Periodical cicadas lay their eggs in trees before they die. Once the eggs hatch, the nymphs will fall out of the branches and into the soil, where they feed on the roots of the tree.

While that generally doesn’t hurt older trees, younger trees and trees that bear fruit can be hurt by the egg-laying process.

Cipollini said he plans to study if birds, which eat cicadas, can be a visual deterrent for cicadas laying their eggs in small trees, by placing cardinal decoys in some trees in a plot of trees he already has for other research.

Cipollini also studies emerald ash borers, which are an invasive species killing ash trees in Ohio. Periodical cicadas are native to the area.

Cipollini said he wanted to see if the damage caused by periodical cicadas when they lay eggs in young ash trees affects the damage that emerald ash borers can do to young ash trees.

He said he also wants to see if he can study the fate of dead cicadas. Once the cicadas die, there are often billions of them decomposing on the ground. He wants to see to what extent that decomposition fertilizes young trees.
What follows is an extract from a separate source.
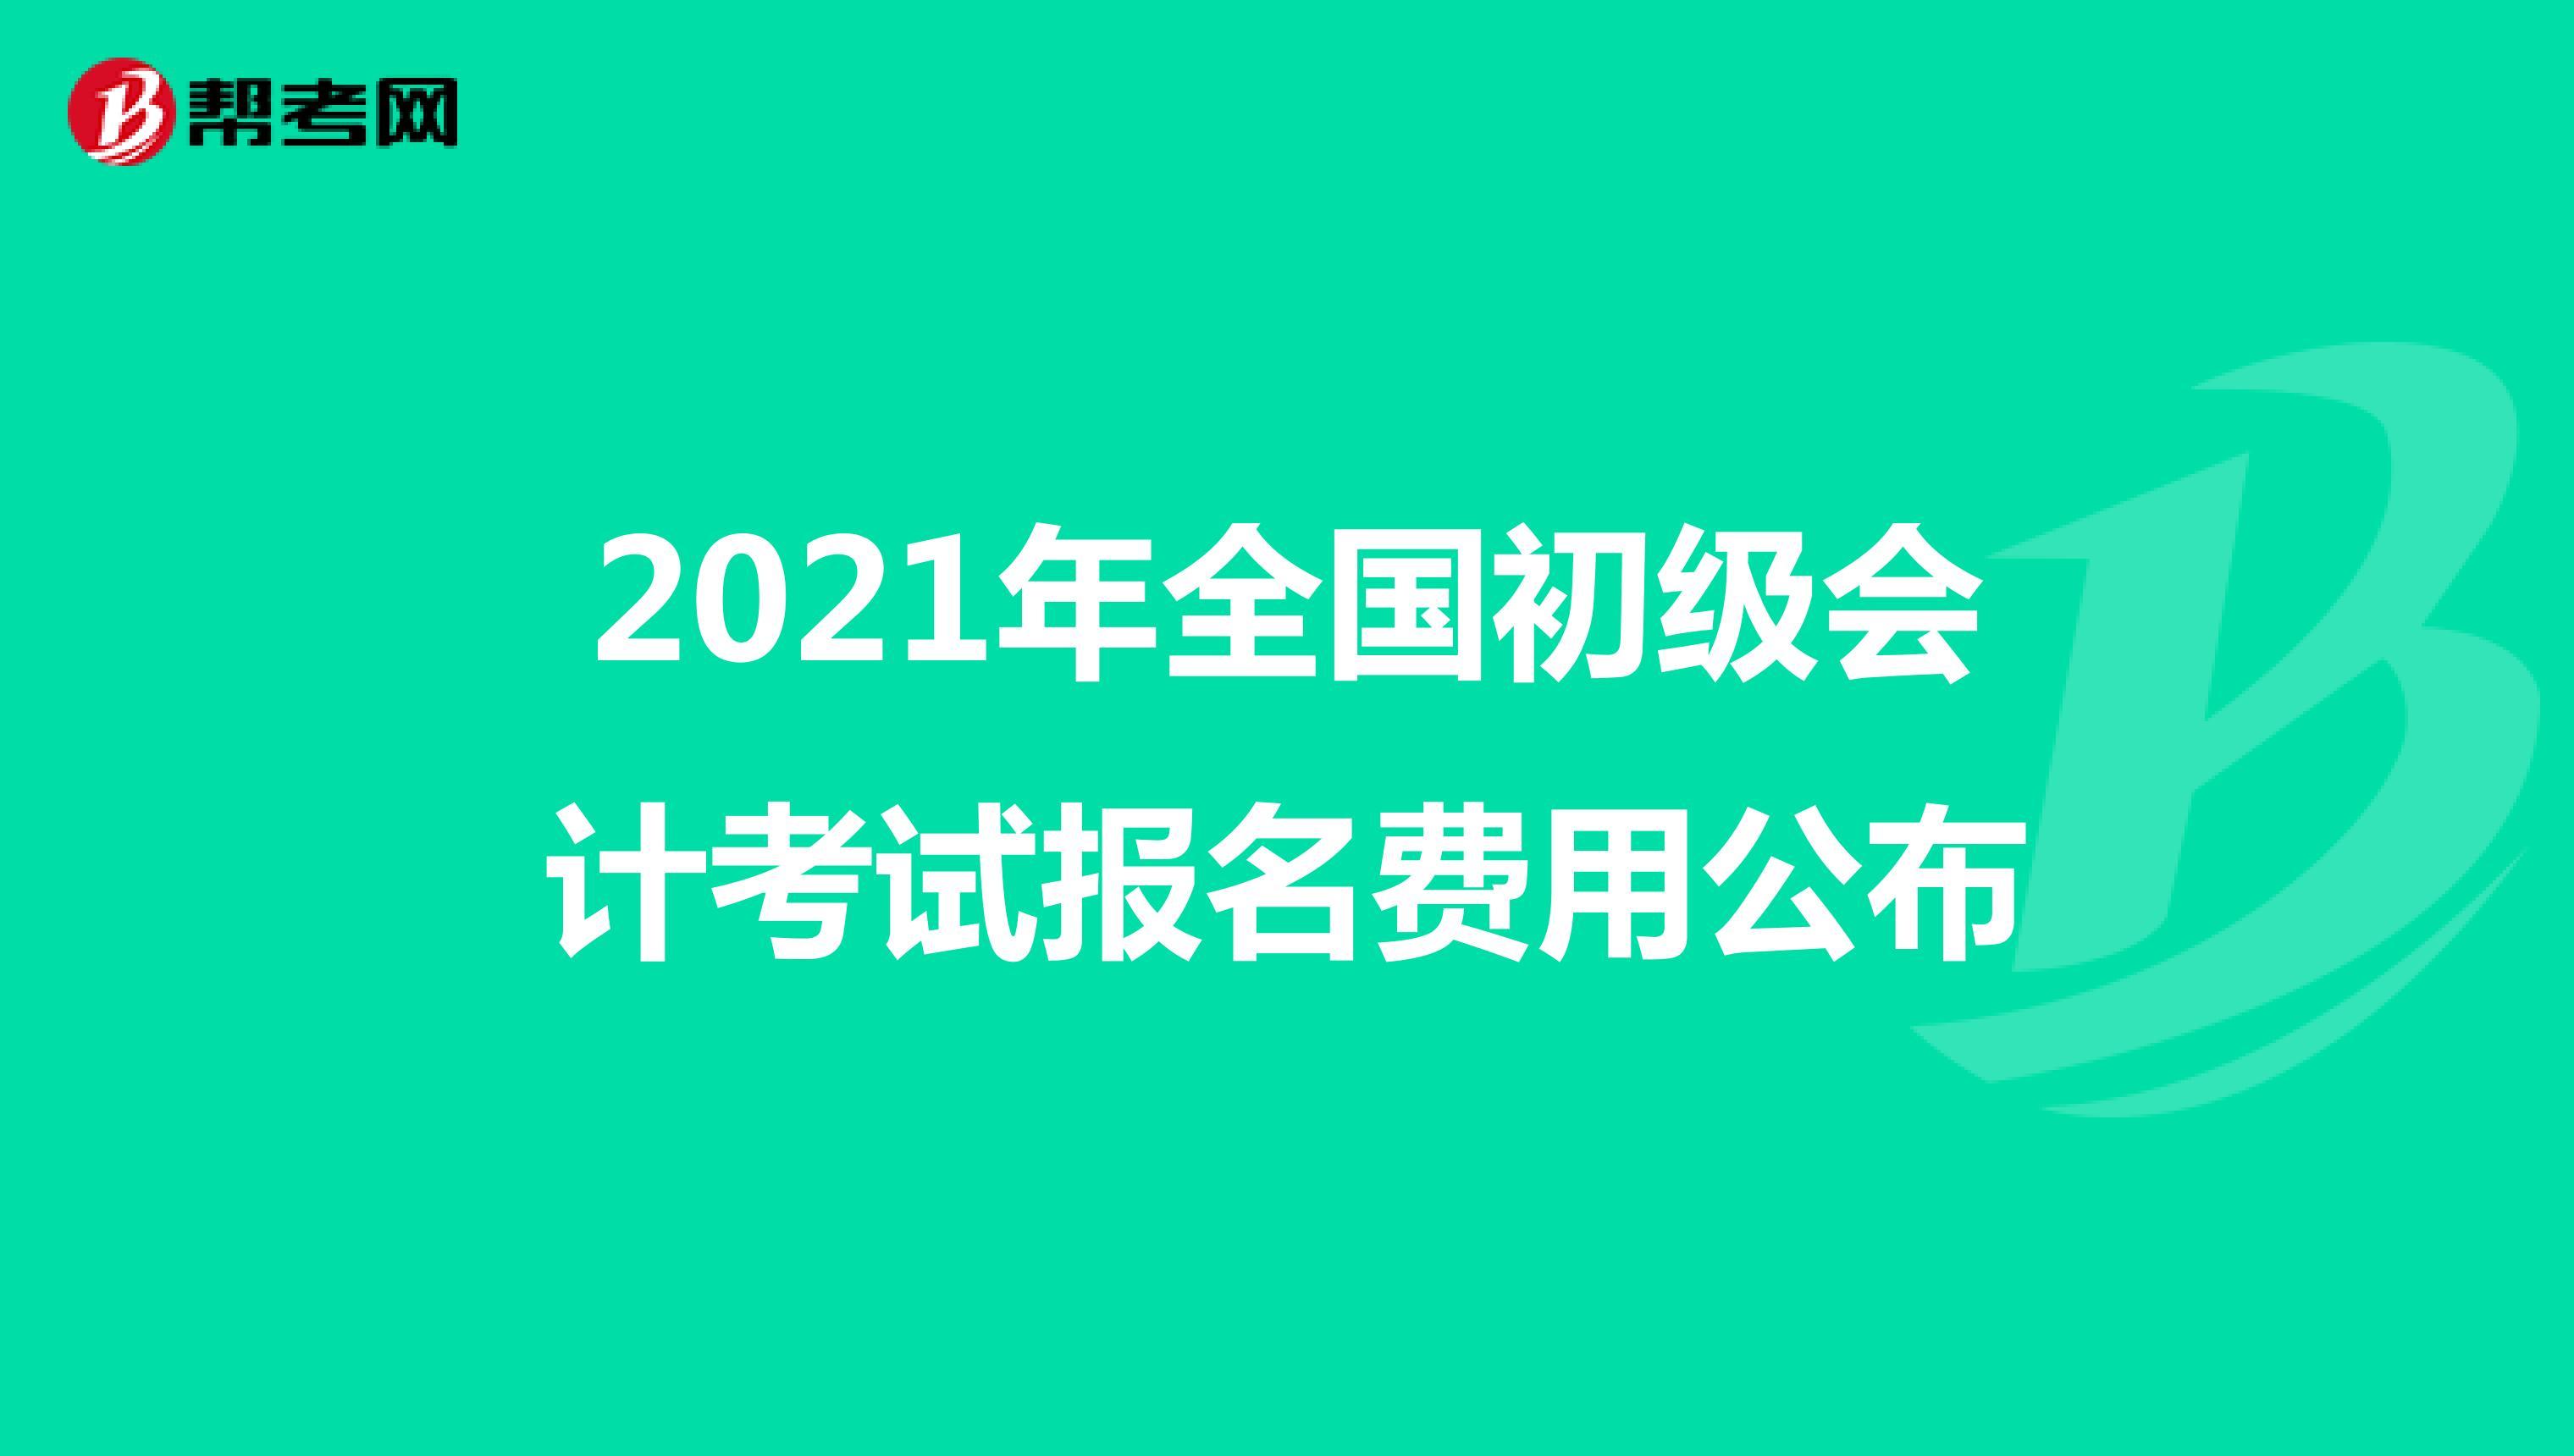 2021年全國初級會計考試報名費用公布

Cipollini said the interest kids can have in cicadas can help people get over their fear of bugs.

Cipollini said part of the reason he is now interested in cicadas is because he was about seven years old the first time he saw periodical cicadas come out of the ground.

“It just hit right at the right time, right at this impressionable time for me, that I always remembered that I was fascinated by it,” he said.